Будто бы в подтверждение этих слов мужчина стал что-то орать про убийц, заговор и жадных воров, но, кажется, это окончательно убедило полицейских в оценке его психического состояния, и они вежливо, но решительно потянули его в сторону служебного авто.

– Он ничего тебе не сделал? – допытывался Бартек (скорее для поддержания разговора, потому что было очевидно, что я цел).

Ушастый и Яцек крутили головами и со смесью страха и восхищения бормотали:

– Е-мое! Вот это псих!

– Чего он от тебя хотел? – услышал я голос Драбовского.

Бартек позвонил ему, но Драбовский успел лишь к самому концу, и не понимал, с чего все началось.

– Он просто набросился на него! Пытался отнять листовки! Орал на всю «Сковородку»! – перебивали друг друга Бартек, Яцек и Ушастый.

– Эй, эй, спокойнее, не все хором, – присмирил их шеф. – Филип?

– Все так, – подтвердил я. – Он хотел, чтобы я отдал ему флаеры.
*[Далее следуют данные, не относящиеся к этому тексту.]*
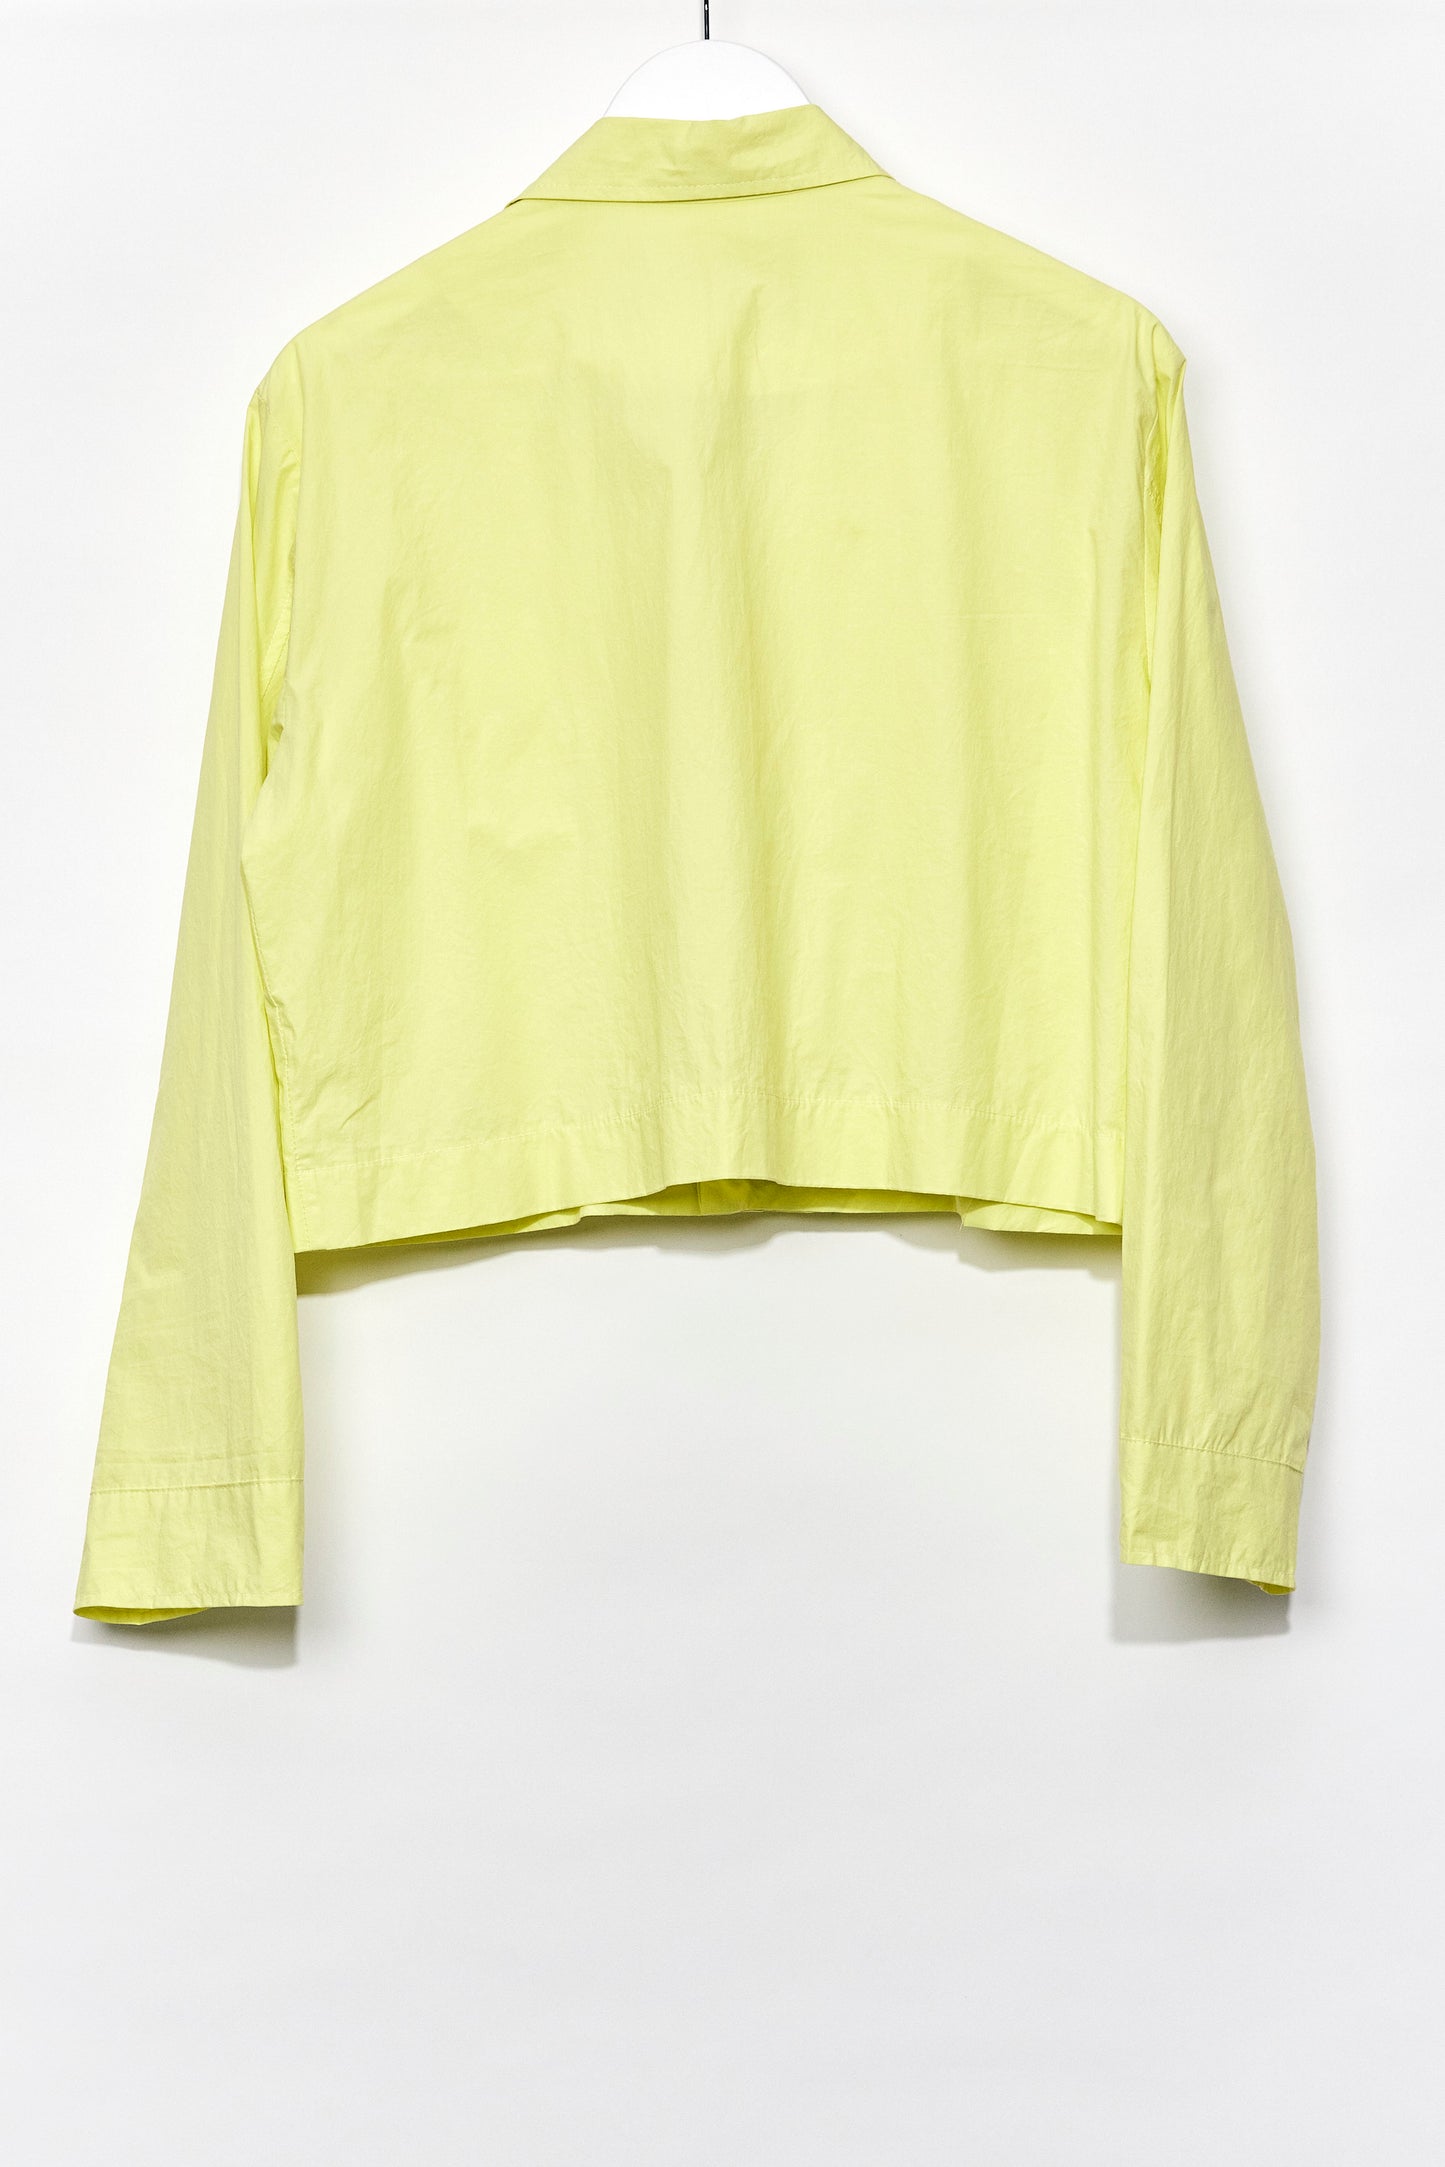 Womens Glassworks Yellow cropped utility jacket size small

Постоянно твердил о своей дочери. Якобы с ней что-то произошло из-за этого «Слимомикса».

– Вот это псих! – прыснул Ушастый.

– Больной какой-то, – добавил Бартек, потом прозвучало еще несколько слов из богатого арсенала нашего языка, подходящих для описания нетипичной ситуации.

Кажется, только Яцек пытался принять во внимание другие аспекты печального события.

– А если с его дочерью действительно что-то случилось? – взволнованно спросил он. – И этот «Слимомикс» правда какой-то не такой?

Мы стали закатывать глаза на эти святошины страхи, но шеф отнесся к ним с вниманием и уважением. Он сказал, что мы, люди рекламы, имеем право на этические сомнения, но не можем разбираться во всем и иногда должны доверять авторитетам. Хотя, конечно, есть люди, которые всеми силами хотят это доверие подорвать. Они целенаправленно мутят воду, распускают слухи и портят имидж. На вопрос Ушастого, зачем им это, он ответил:

– Все просто. Чтобы уничтожить конкурентов. Они говорят: «“Слимомикс” плохой, но, к счастью, у нас есть “Витослим”».

 

Кажется, по нашим лицам он понял, что мы не слышали этого названия.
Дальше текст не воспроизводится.